Bare land values rise, but equipped farms struggle

Agricultural land values in England rose by 2% during the third quarter of 2009, according to Smiths Gore.

The firm’s review of the farmland market found that bare land prices increased to an average of £4900/acre between July and September, as demand from commercial buyers remained strong and supply stayed tight. Just 5300 acres of bare land was marketed this autumn, half the amount in 2008.

It was the first increase in bare land values recorded this year after prices had remained at £4800/acre during the first half of the year.

But, weaker demand from non-farmer and investor buyers meant the value of equipped farms fell for the fifth quarter in a row, by 6% to £6900/acre over the same period, Smiths Gore said.

This meant the “equipped premium” – the difference between bare land values and the value including houses and buildings – had dropped significantly from an average of £3200/acre last year to just £2000/acre.

“Bare land values have risen in the third quarter.

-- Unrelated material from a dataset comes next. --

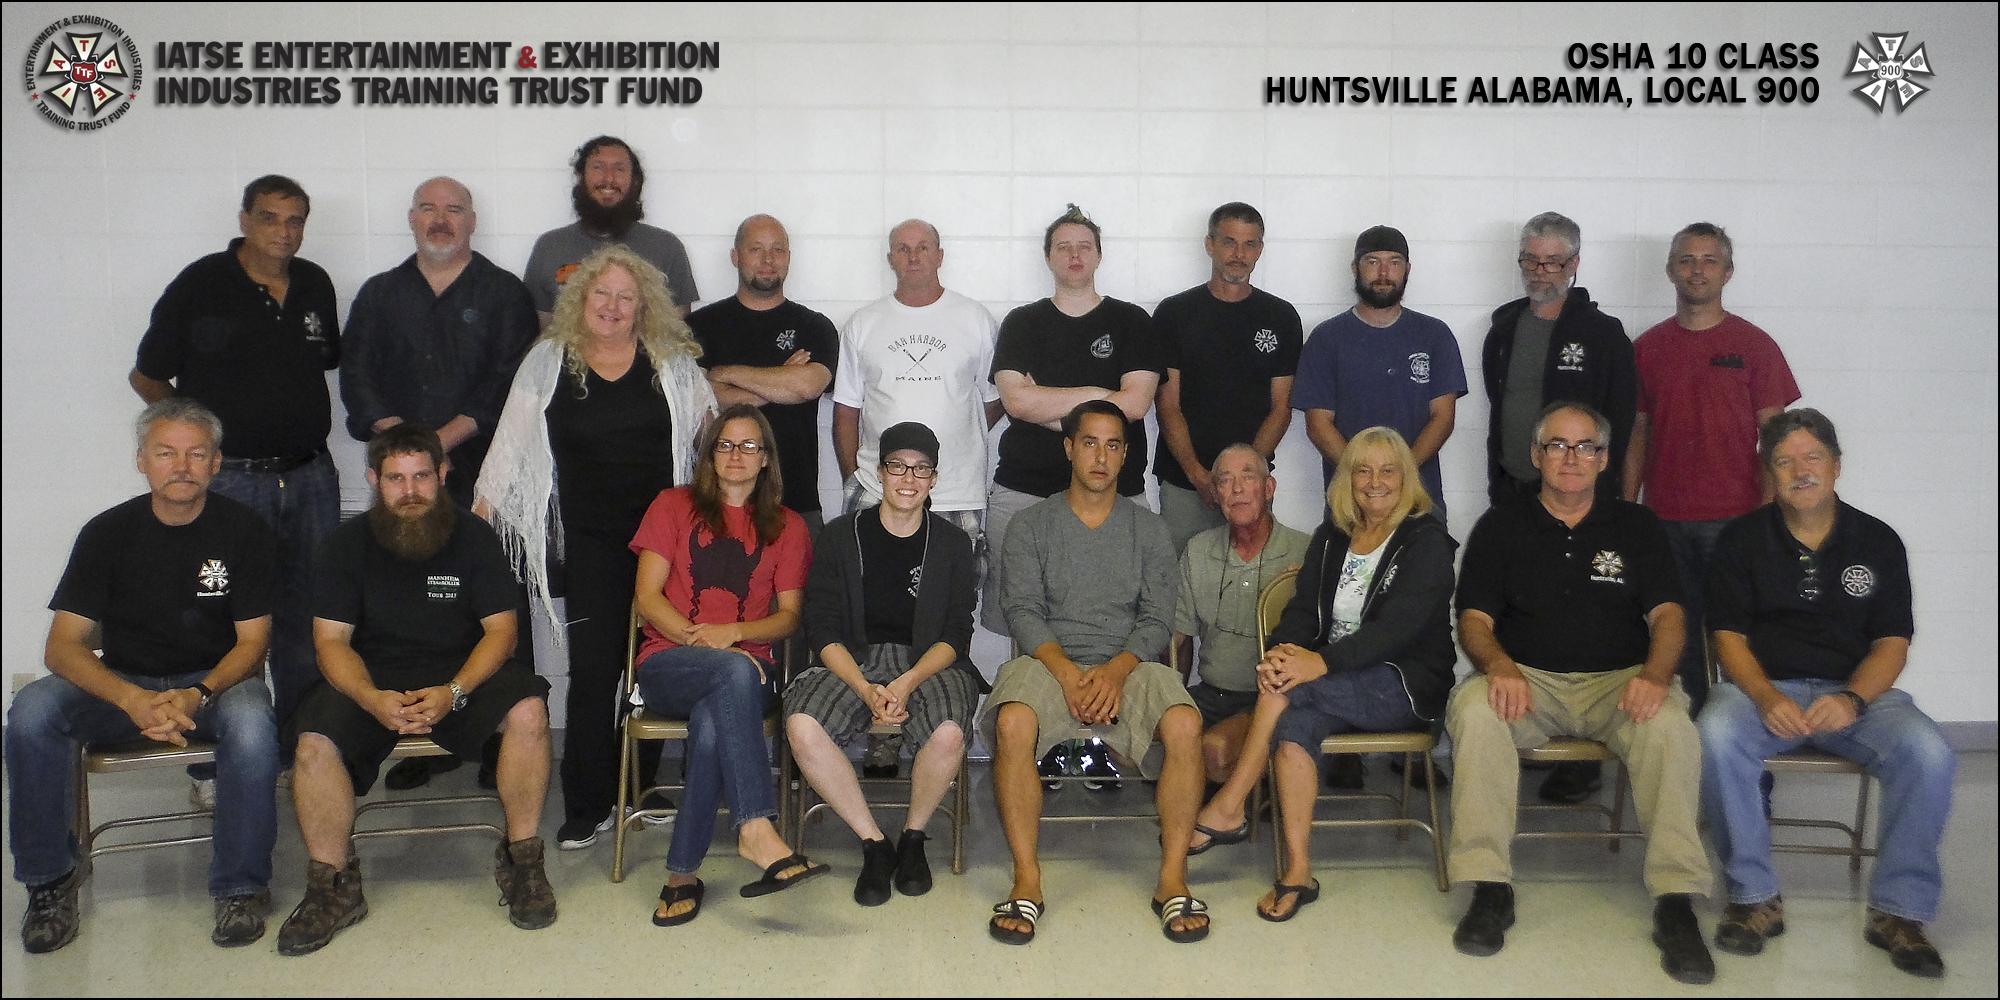 OSHA 10/General Entertainment Safety in Huntsville, AL | August 30, 2015

However, there is considerable patchiness in demand for farms,” head of farm agency, Giles Wordsworth, said.

“The best quality farms continue to be in demand and they are selling well, often above their asking price; but lower quality farms are struggling to sell and there are more examples of over-inflated asking prices being reduced.”

The firm forecast that prices for all farms would rise by 2-3% in 2010, but lower quality equipped farms could continue to fall in value, unless a stabilisation in the housing market had a knock-on benefit for equipped farms.